User Base Charging to Business Units

This is actually a very popular approach taken by the product vendors, to charge by number of users. This could actually be taken up by the enterprise itself to charge each business units base on the number of user accounts in the system. An on-going revenue to the system could turn the system from a cost centre to a profit centre, giving them more flexibility into enhancing the system to better serve the customers.

This requires first a culture where business units charge each other internally. It also requires the Single-Sign-On system team to adopt a service provider mentality (which many might already be doing), adhering to strict Service Level Agreement (which again many might already be doing). An important mechanism is of course the ability to organise the accounts into the various business units, such that they can be billed accordingly, and accurately.

User Access Charging to Business Units

While user base charging is simple enough to do, this might not be an accurate representation of the actual usage. Business Unit A might have 100 user, and they generate only 10,000 authentication and authorisation access daily. Another Business Unit B might have 20 users, but they generate 20,000 authentication and authorisation, simply due to the difference in their daily usage pattern. It would make more sense to charge Business Unit B more than Business Unit A, due to the higher number of access.

In order to achieve this, the system must first be able to aggregate all access.
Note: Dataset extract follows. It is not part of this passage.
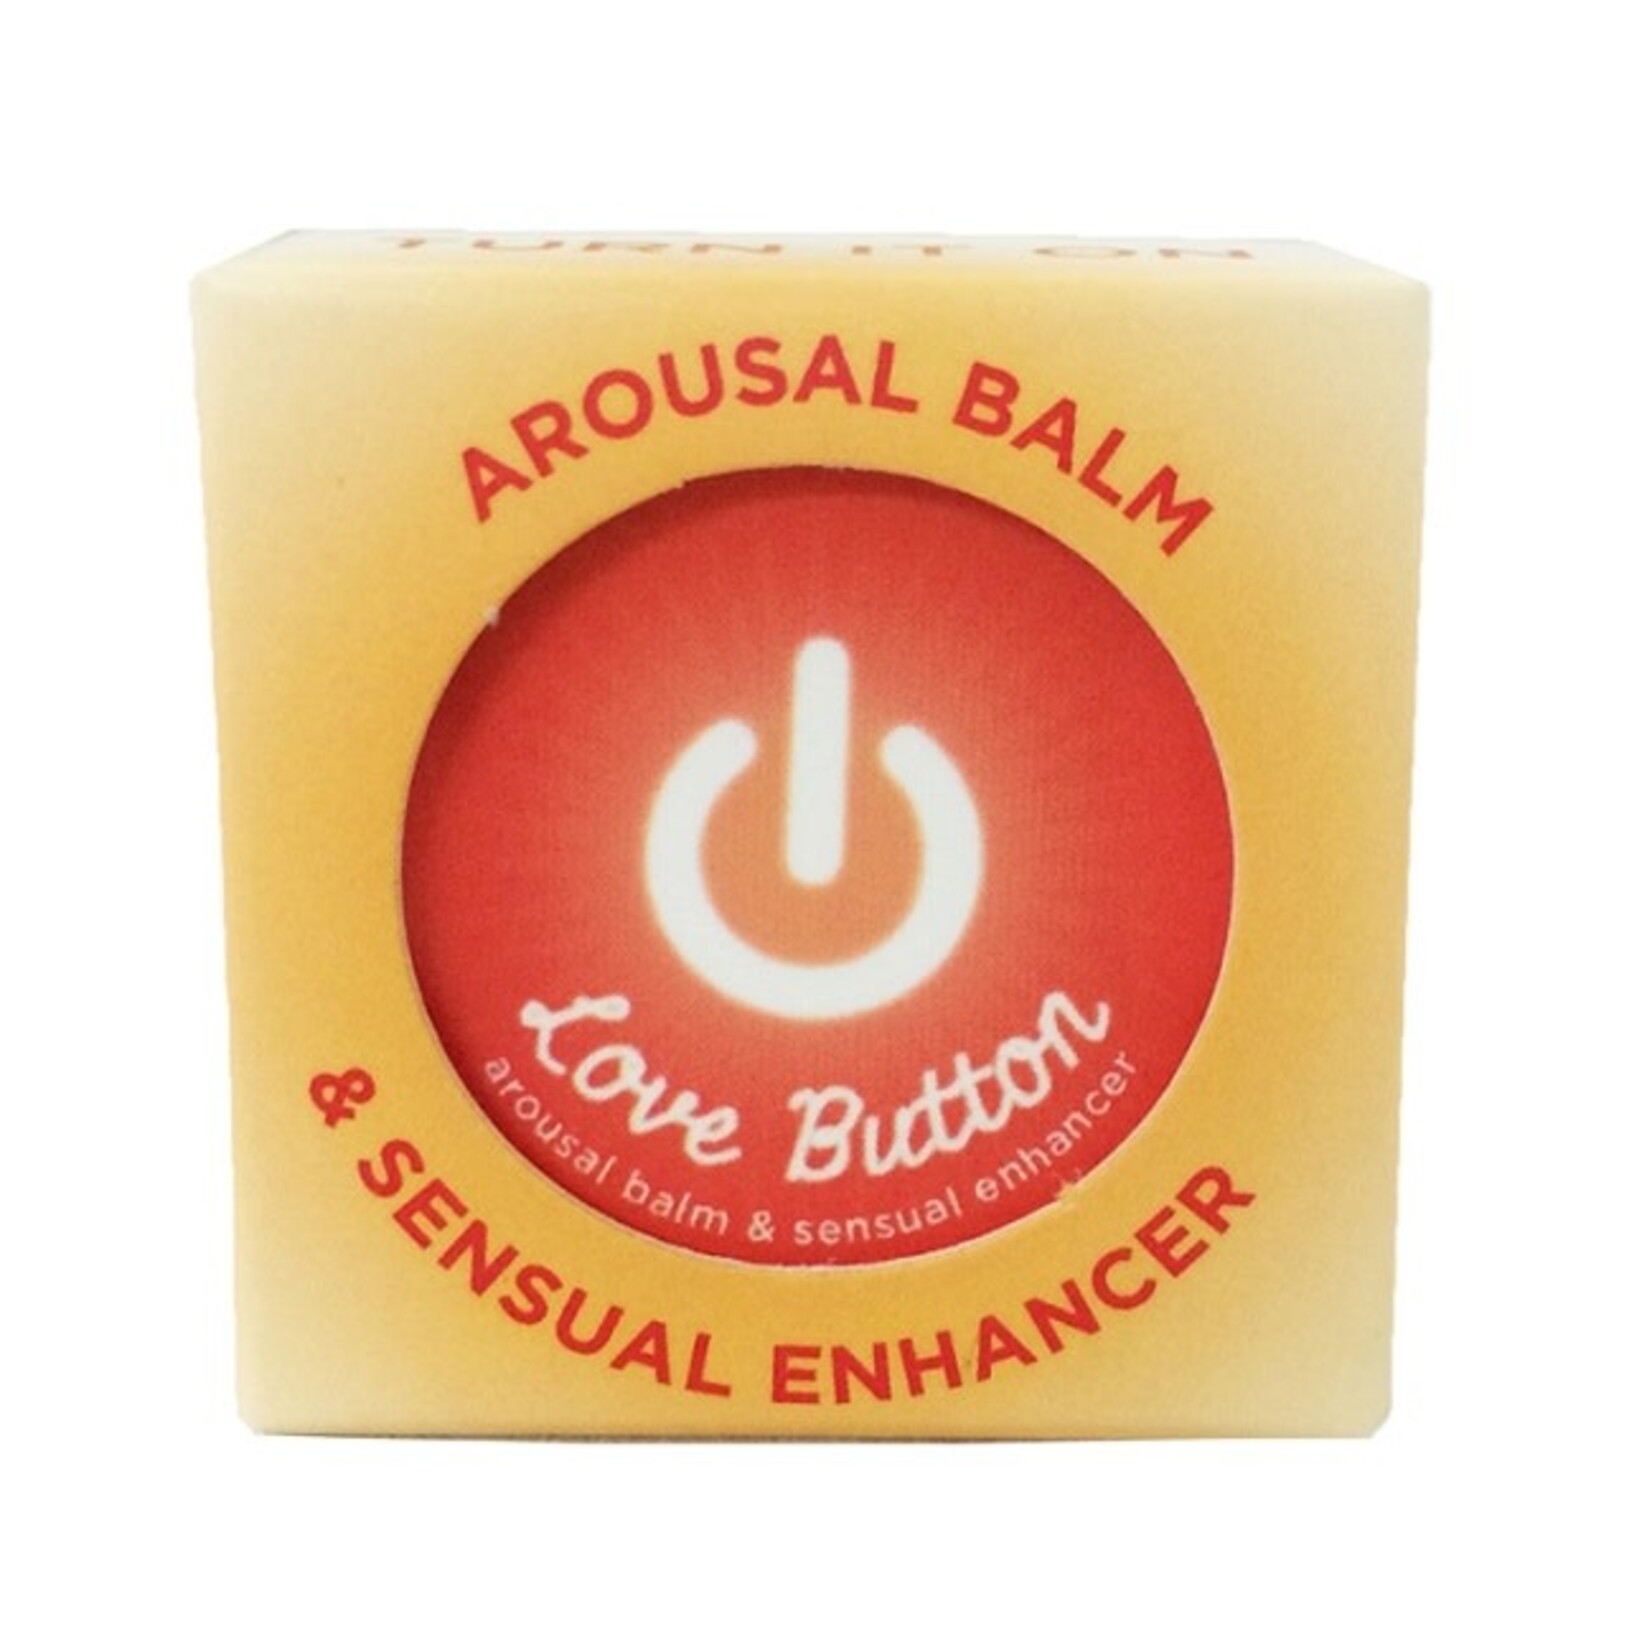 Earthly Body Love Button Arousal Balm & Sensual Enhancer 0.45oz

This could take a significant amount of effort and storage space. But this would allow the Single-Sign-On system team to perform better capacity planning, as well as scale the system more accurately. They would know that another increase of 10 users in Business Unit B would require higher capacity as compared to the 10 users in Business Unit A.

User Access Charging to Applications

User access pattern are dictated much more by how an application is designed, than how a user might want to use it. A badly designed application might incur much more user authorisation request on the Single-Sign-On system than a well designed application with lesser steps. It might make more sense to charge the application owners themselves rather than the users.
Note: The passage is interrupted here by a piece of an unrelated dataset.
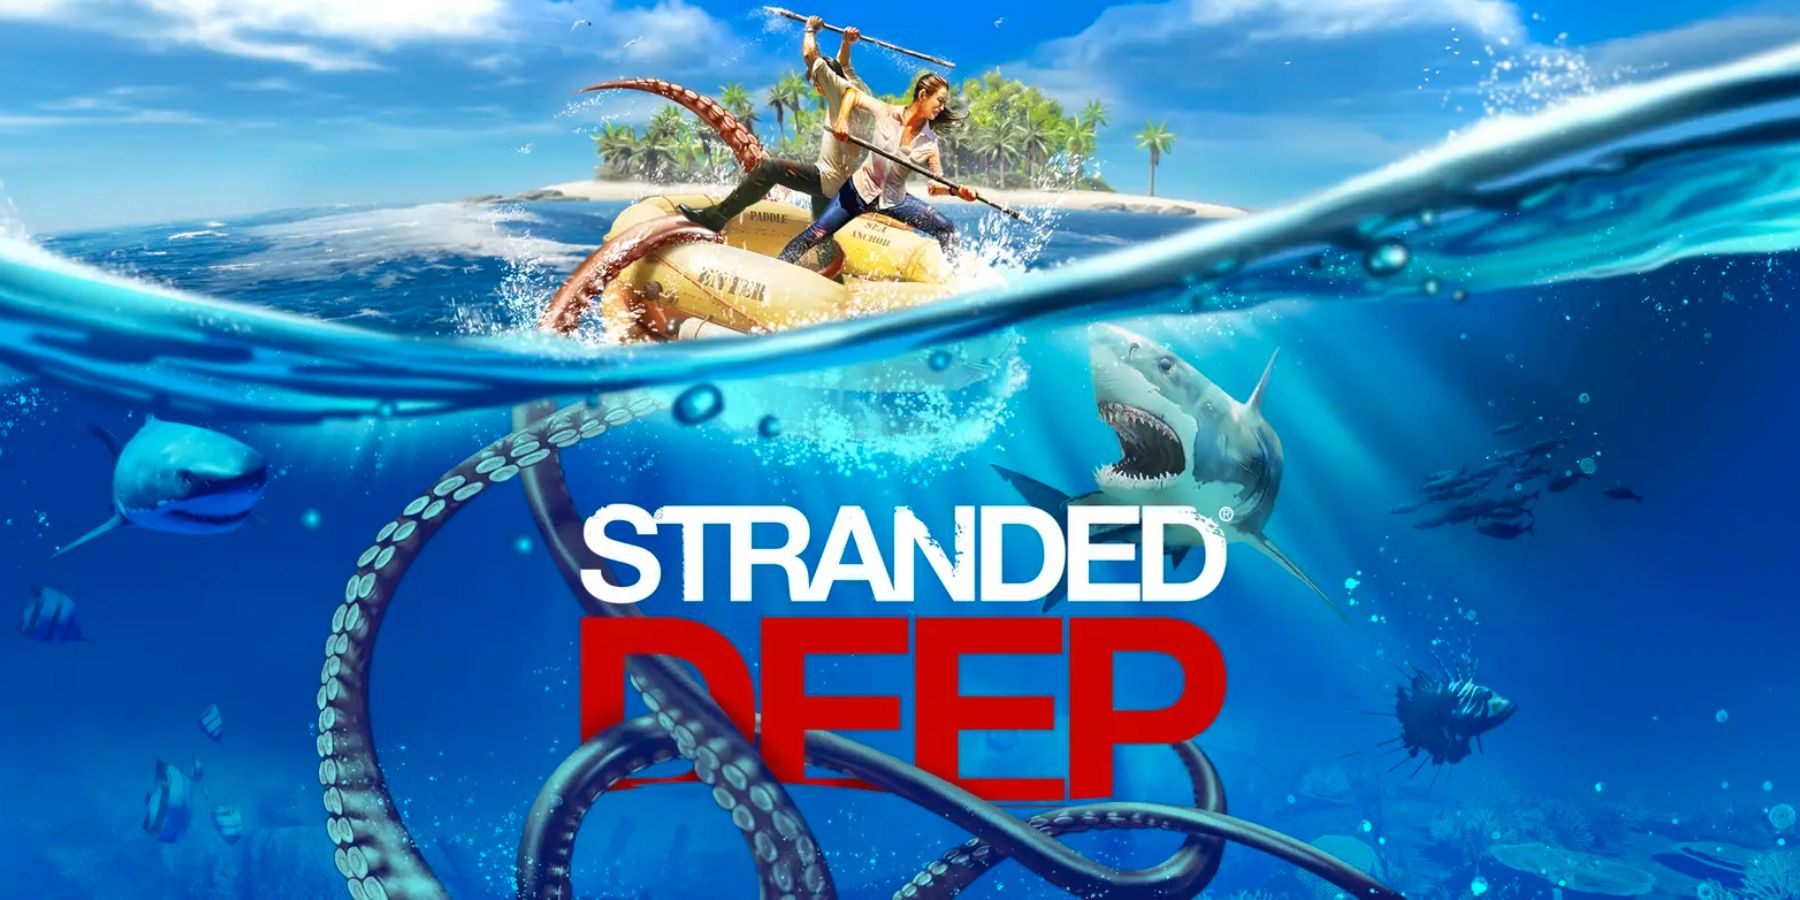 Stranded Deep is online coöperatie via een gratis update die morgen komt

This charging model does come with a drawback. If you charge the application owners, who will they transfer the cost to? It would then logically seems that they should charge the end users themselves. As such, for this to be implemented, the culture must be such that the applications themselves become service providers and charge the business units. In fact, with this model, it can be much clearer on which applications are really using up the system. The capacity planning is much more accurate in this scenario as compared to the earlier, as application usage is much more predictable than user usage.

What about authorisation access in this case? The Single-Sign-On system could continue to charge the business users by user base or authentication access, but their cost would be insignificant compared to the authorisation access. It might be simpler for the cost to be absorbed instead.

Summary

We looked at the current charging model that most enterprise adopt, which is Infrastructure Cost, and went on to propose other possible models. The other models convert the Single-Sign-On system from a cost centre to a profit centre, and transform the enterprise culture such that the team is treated as a service provider. Being a profit centre, the team can pursue more ways to improve and enhance the system, which could further improve the business capability of the enterprise.